These insects are infected with Plasmodium vivax, a single-celled microorganism that causes a relapsing form of malaria. The pathogen’s journey begins in clinics and field sites in rural Thailand, where malaria patients donate vials of blood. At a lab in Bangkok, scientists feed the blood to mosquitoes, which are flown, alive, to Seattle.
“When they get to us, we dissect them,” says Elzani van Zyl ’17, MS ’19, PhD ’23, an Invent at Seattle Children’s Postdoctoral Scholar in the Center for Global Infectious Disease Research at Seattle Children’s Hospital. Her team needs to isolate the insects’ salivary glands, where the parasites are hiding out, waiting for the mosquitoes to make their next blood meal so their life cycle can continue in a new host. The glands are impossibly small, and isolating them can be tricky—plus it has to be done fast.

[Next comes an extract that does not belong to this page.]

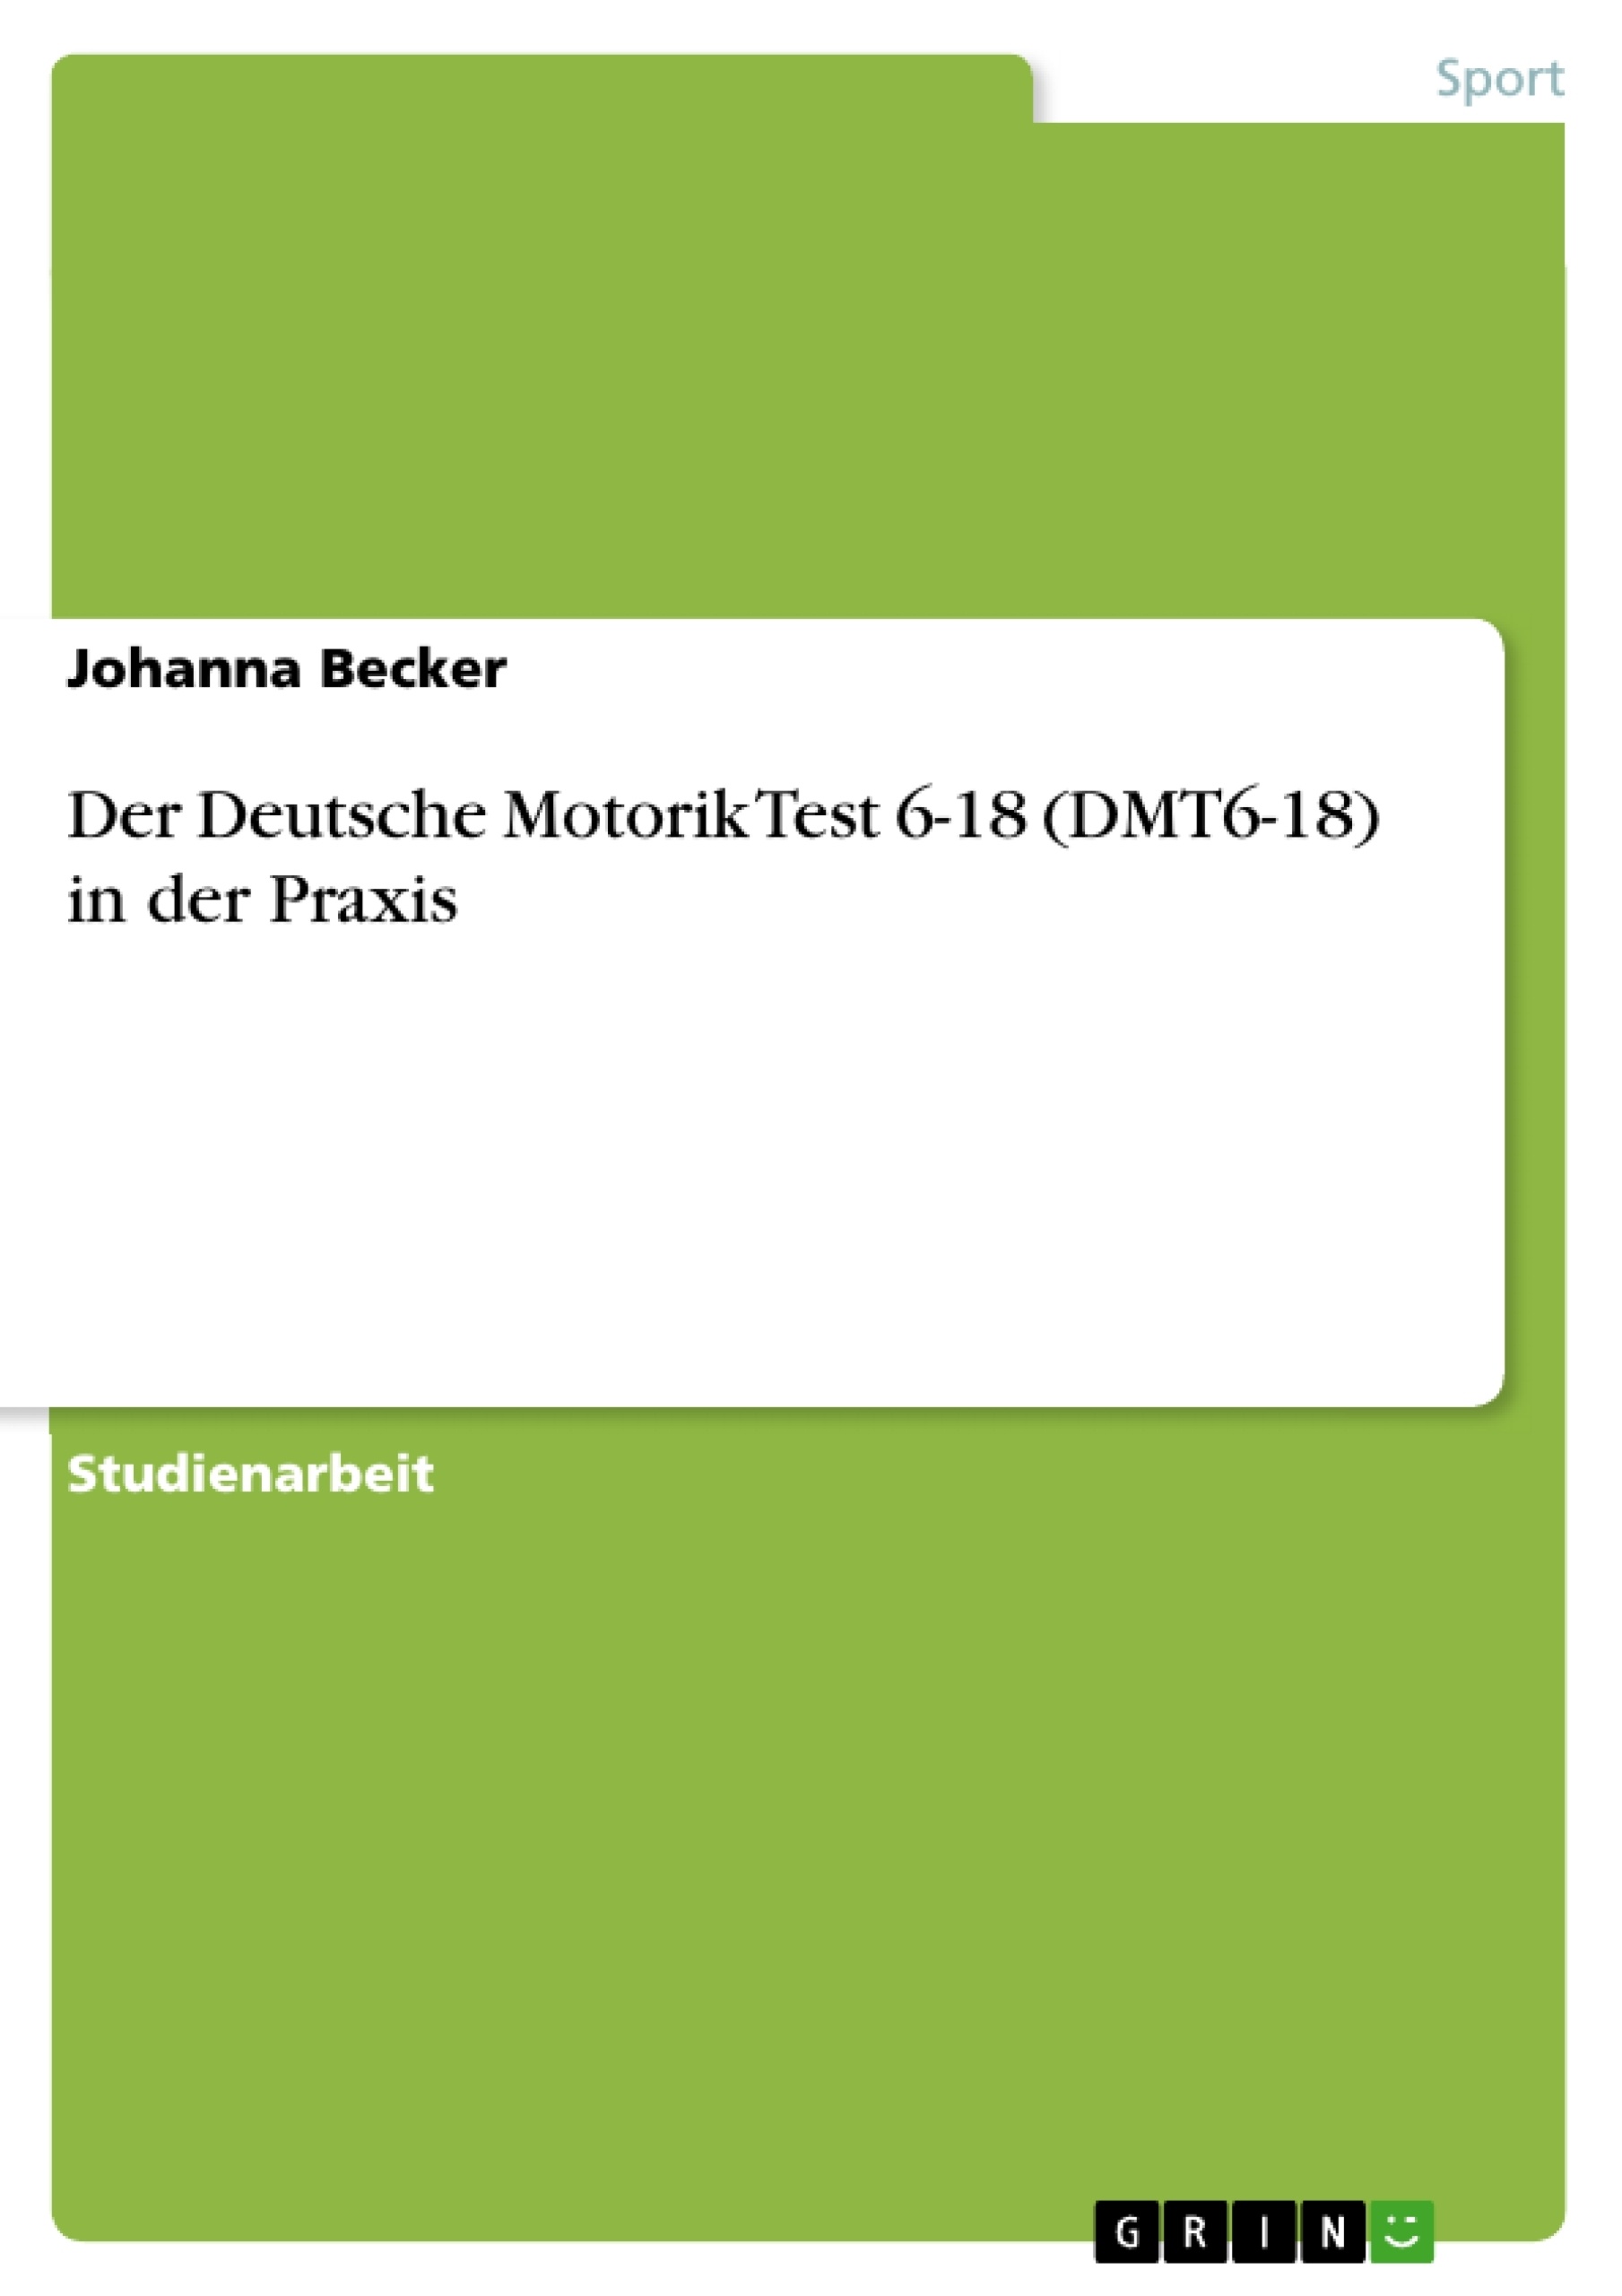 Título: Der Deutsche Motorik Test 6-18 (DMT6-18) in der Praxis

“It’s under a microscope, and you use a tiny, very pointy set of forceps and then a very tiny little needle, and you kind of grab the thorax of the mosquito and pull the head off carefully,” van Zyl says, miming the delicate task. “You’ll be able to see the salivary glands—once you’ve figured what they look like—and then you grab them and put them somewhere else, and then you move on to the next mosquito. There can be hundreds in a shipment, so everybody in the lab who can dissect helps out, and we all dissect together. We’ll literally be sitting there for two or three hours at a time, dissecting 300 mosquitoes each.”
This intricate work is worth it if van Zyl and her fellow scientists can find a solution to an ancient disease that, according to the World Health Organization, infects more than 250 million people each year. The vast majority of sufferers live in Africa, where children under 5 years old account for more than three-quarters of global malaria fatalities. Van Zyl brings to the work a passion born of her South African childhood, a desire to quickly translate research into clinical treatments, and a talent for unconventional thinking, fine-tuned over a decade at WPI.
Hiding in the liver
The P. vivax organism is prevalent in Asia and South America, and while it’s not as deadly as P. falciparum, the dominant strain in Africa, it can be a trickier target for pharmaceuticals because of its complicated life cycle. When an infected mosquito bites a person, the parasite travels to the liver, where it develops asymptomatically for about two weeks before entering the blood stream and triggering an immune reaction that leads to fever, headache, and chills. As the parasite damages red blood cells, cases can progress to extreme fatigue, impaired consciousness, convulsions, jaundice, bleeding, and difficulty breathing. But even after a sufferer recovers, more P. vivax can be lying dormant in the liver, where it may emerge again weeks, months, or even years later.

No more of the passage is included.